Egress Table 4: Post SNAT
Packets reaching this table are processed according to the flows below:
• Traffic that goes directly into a network configured with SNAT on
Distributed routers, and was initiated from an external network (i.e. it
matches ct.new), is committed to the SNAT CT zone. This ensures that replies
returning from the SNATed network do not have their source address
translated. For details about match rules and priority see section "Egress
Table 3: SNAT on Distributed Routers".
• A priority-0 logical flow that matches all packets not already handled
(match 1) and action next;.
Egress Table 5: Egress Loopback
For distributed logical routers where one of the logical router ports specifies a gateway
chassis.
While UNDNAT and SNAT processing have already occurred by this point, this traffic needs
to be forced through egress loopback on this distributed gateway port instance, in order
for UNSNAT and DNAT processing to be applied, and also for IP routing and ARP resolution
after all of the NAT processing, so that the packet can be forwarded to the destination.
This table has the following flows:
• For each NAT rule in the OVN Northbound database on a distributed router, a
priority-100 logical flow with match ip4.dst == E && outport == GW &&
is_chassis_resident(P), where E is the external IP address specified in the
NAT rule, GW is the distributed gateway port corresponding to the NAT rule
(specified or inferred). For dnat_and_snat NAT rule, P is the logical port
specified in the NAT rule. If logical_port column of NAT table is NOT set,
then P is the chassisredirect port of GW with the following actions:
clone {
ct_clear;
inport = outport;
outport = "";
flags = 0;
flags.loopback = 1;
reg0 = 0;
reg1 = 0;
...
reg9 = 0;
REGBIT_EGRESS_LOOPBACK = 1;
next(pipeline=ingress, table=0);
};
flags.loopback is set since in_port is unchanged and the packet may return
back to that port after NAT processing. REGBIT_EGRESS_LOOPBACK is set to
indicate that egress loopback has occurred, in order to skip the source IP
address check against the router address.
• A priority-0 logical flow with match 1 has actions next;.
Egress Table 6: Delivery
Packets that reach this table are ready for delivery. It contains:
• Priority-110 logical flows that match IP multicast packets on each enabled
logical router port and modify the Ethernet source address of the packets to
the Ethernet address of the port and then execute action output;.
• Priority-100 logical flows that match packets on each enabled logical router
port, with action output;.
• A priority-0 logical flow that matches all packets not already handled
(match 1) and drops them (action drop;).
DROP SAMPLING
As described in the previous section, there are several places where ovn-northd might
decided to drop a packet by explicitly creating a Logical_Flow with the drop; action.
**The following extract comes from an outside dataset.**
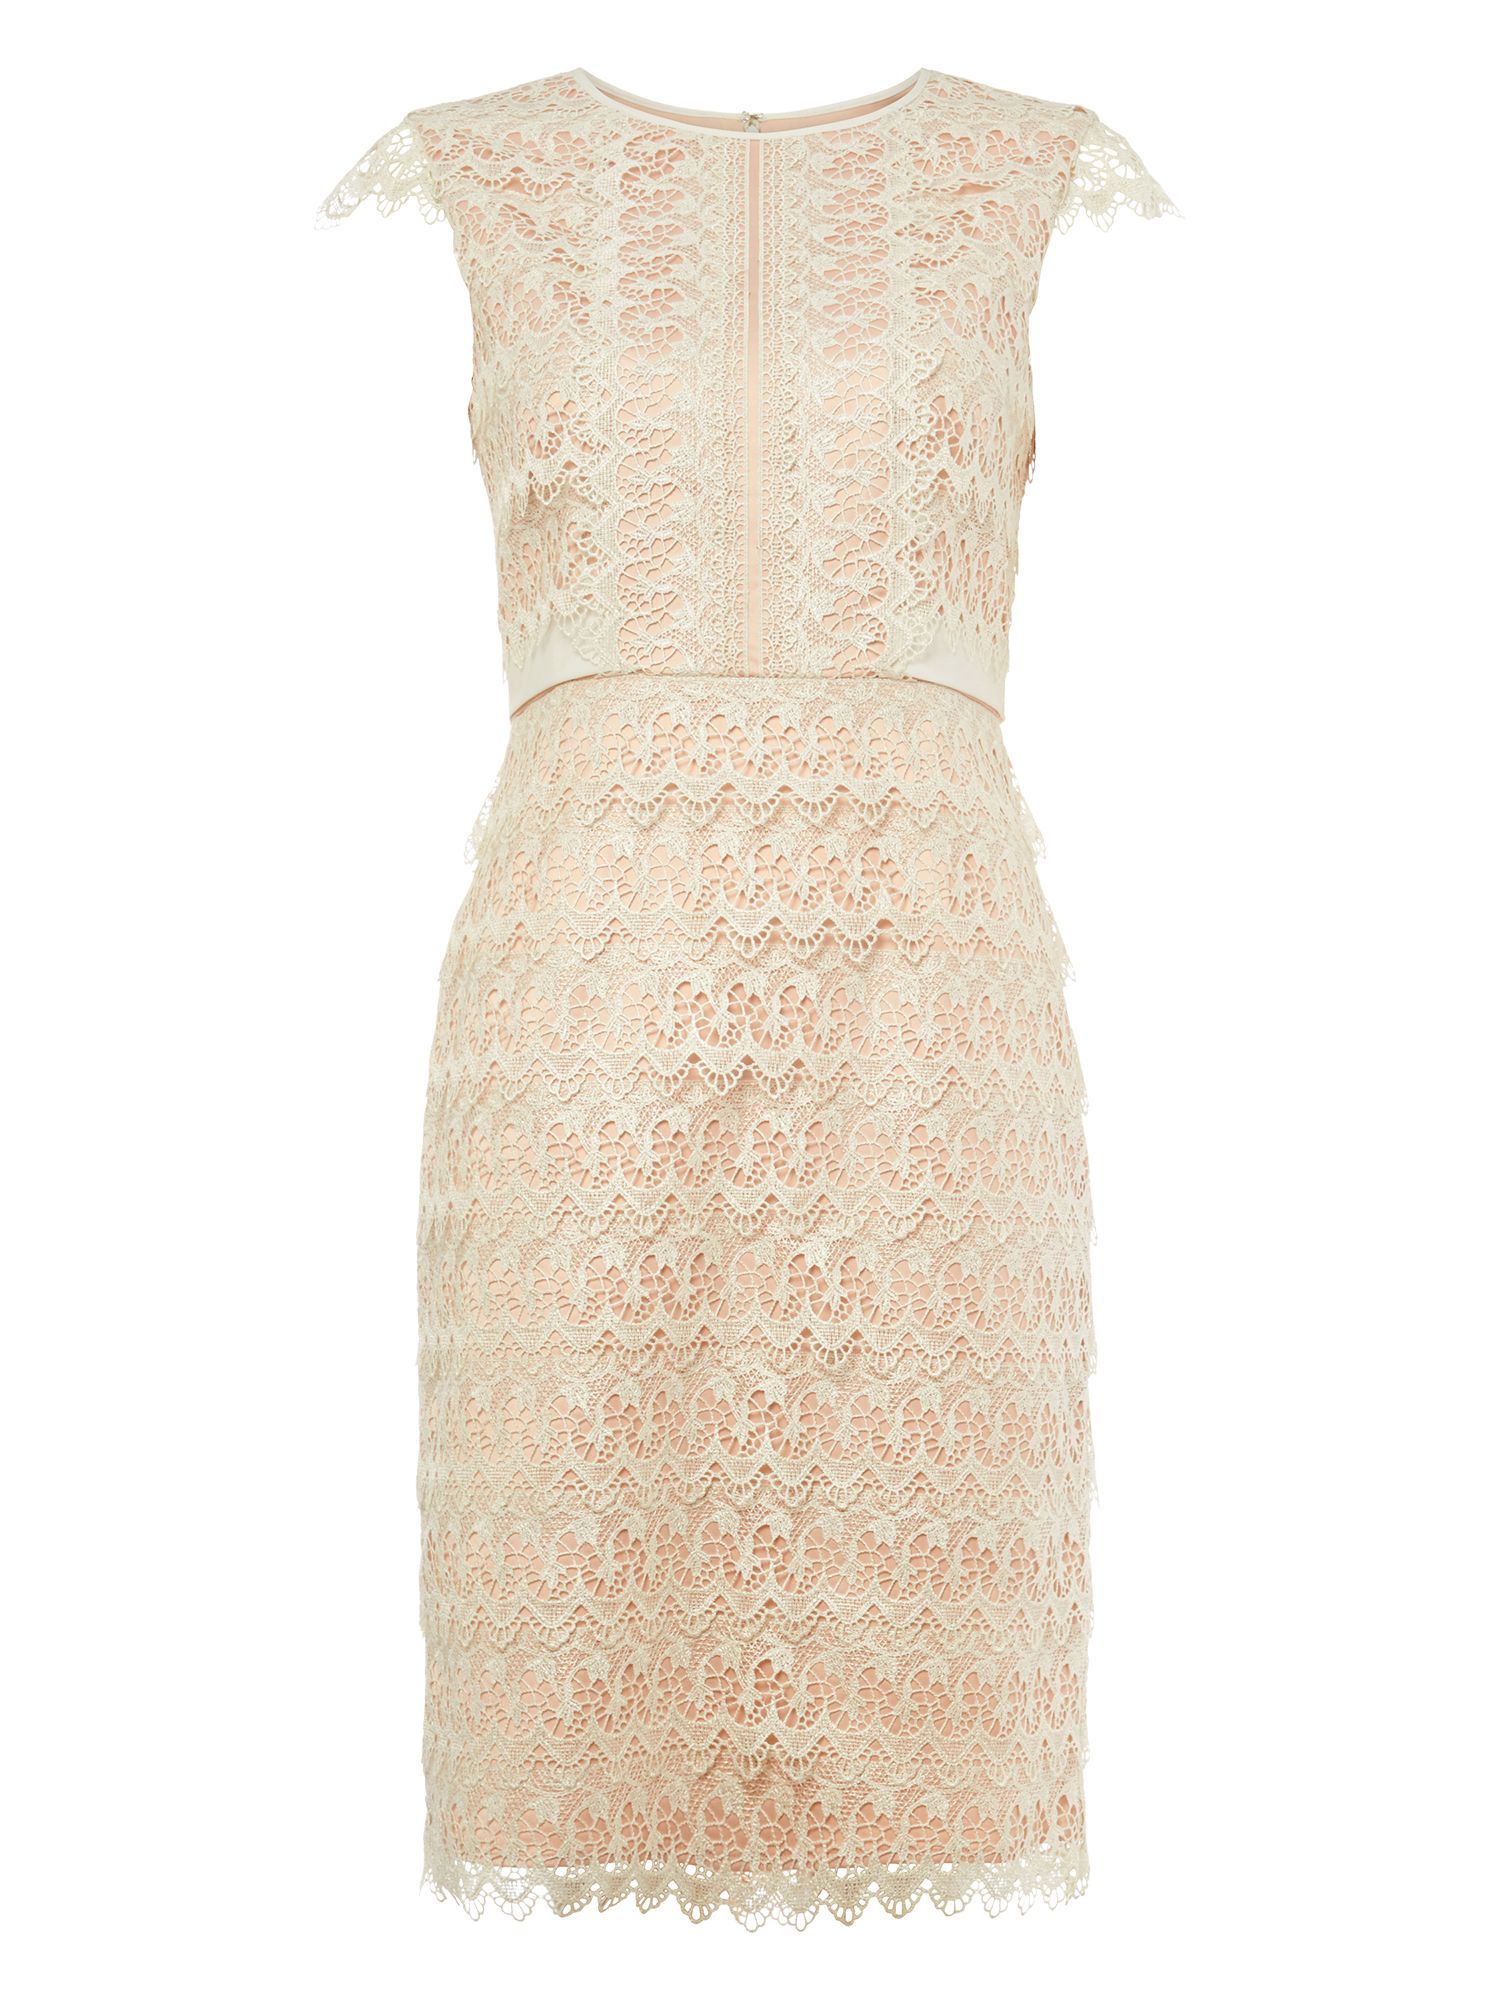 Phase Eight Ally Lace Layered Dress, Cameo/Ivory

When debug drop-sampling has been cofigured in the OVN Northbound database, the ovn-northd
will replace all the drop; actions with a sample(priority=65535, collector_set=id,
obs_domain=obs_id, obs_point=@cookie) action, where:
• id is the value the debug_drop_collector_set option configured in the OVN
Northbound.
• obs_id has it’s 8 most significant bits equal to the value of the
debug_drop_domain_id option in the OVN Northbound and it’s 24 least
significant bits equal to the datapath’s tunnel key.